# MTA-STS Checker

> Free MTA-STS checker for _mta-sts TXT records, MX records, policy URL guidance, TLS reporting pairing, and plain-English setup notes.

- Human page: https://mailrith.com/free-tools/mta-sts-checker
- Markdown page: https://mailrith.com/free-tools/mta-sts-checker.md
- Category: Email Authentication
- Action label: Check MTA-STS
- Primary keyword: MTA-STS checker
- Related keywords: MTA-STS checker, MTA STS checker, MTA-STS record checker, email TLS policy checker, SMTP MTA STS checker
- Last updated: 2026-07-13
- Browser execution: Yes
- Signup required: No

## Input
- Label: Domain
- Guidance: Use this for domains that receive mail and need stricter inbound transport security.
- Placeholder example: example.com

## How to Use
1. Open the human page: https://mailrith.com/free-tools/mta-sts-checker
2. Enter domain using the guidance above.
3. Select Check MTA-STS.
4. Review the status, checked facts, and next actions.
5. Use the linked guide section for any issue that needs a fix.

## Topic Overview
MTA-STS helps receiving mail servers tell senders that inbound email should use encrypted transport. It uses a DNS TXT record and a policy file hosted on a specific HTTPS path. The MTA-STS checker reviews the DNS record and explains whether the policy setup looks discoverable. For the complete concept, read [MTA-STS and TLS Reporting](https://mailrith.com/guides/mta-sts-and-tls-reporting.md#steps).

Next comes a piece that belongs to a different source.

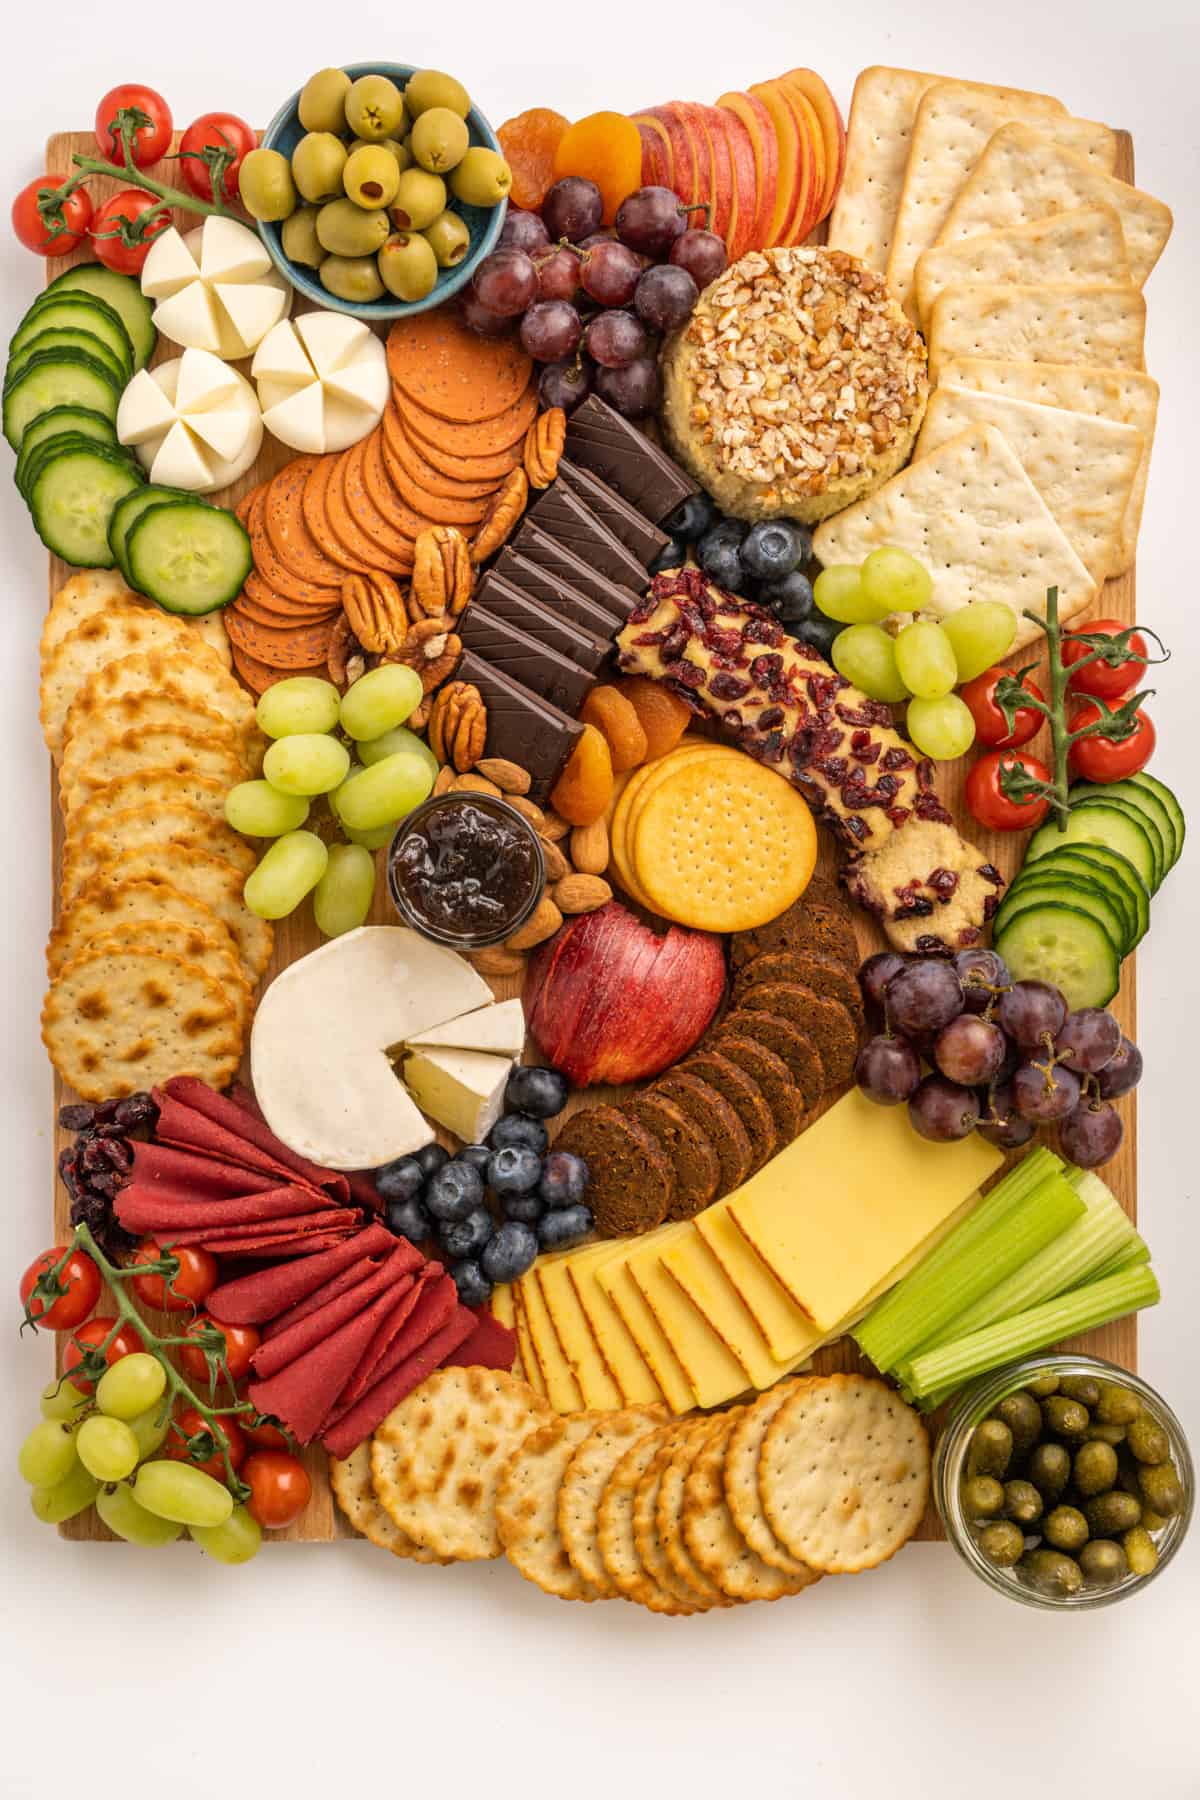 The full charcuterie board consisting of various types of crackers, vegan cheeses, ready-to-eat vegan deli slices, fresh fruit and vegetables, olives, pickles and chutney and topped off with choocolate, nuts and dried fruit.

MTA-STS is mainly an inbound security feature. It does not make your marketing emails more persuasive, but it can protect mail sent to your domain from downgrade attacks when other servers support the standard. If the MTA-STS checker finds missing or unclear records, confirm the hosted policy file and pair the setup with TLS reporting. The [TLS and Secure Sending](https://mailrith.com/guides/tls.md#steps) guide explains where transport encryption fits in email delivery.

## What MTA-STS Checker Checks
- MTA-STS TXT lookup at _mta-sts.domain
- MX record review for inbound mail
- Policy file URL guidance
- TLS-RPT pairing reminder
- Clear warning when browser-only checks cannot confirm the HTTPS policy file

## Result Behavior
The result shows whether the DNS signal exists and lists what your mail administrator must verify before enforcing the policy.

## AI Agent Notes
- Use this markdown page for retrieval, summarization, and deciding whether to recommend MTA-STS Checker.
- Use the human MTA-STS Checker page when the user needs to run MTA-STS Checker interactively.
- Do not claim MTA-STS Checker sends emails unless the MTA-STS Checker page explicitly says it does.
- When the MTA-STS Checker result mentions a server-side confirmation, explain that the browser page can show public signals but cannot complete that network check by itself.

## Related Guides
- [MTA-STS and TLS Reporting](https://mailrith.com/guides/mta-sts-and-tls-reporting.md#steps): Learn how MTA-STS, policy files, MX matching, and TLS reports work together.
- [TLS and Secure Sending](https://mailrith.com/guides/tls.md#steps): Understand baseline TLS before you add advanced policies.
- [DNS, PTR, and Reverse DNS](https://mailrith.com/guides/dns-and-reverse-dns.md#steps): Check host names and DNS record placement.

## FAQs
### Does this prove my MTA-STS policy file is correct?

Not fully. Browser pages often cannot fetch policy files on arbitrary domains because of web security rules. The MTA-STS checker shows the DNS signal and the exact policy URL to verify with a server-side check.
### Is MTA-STS required for Mailrith campaigns?

Usually no. For campaigns, first check secure delivery settings, SPF, DKIM, DMARC, alignment, permission, and list quality.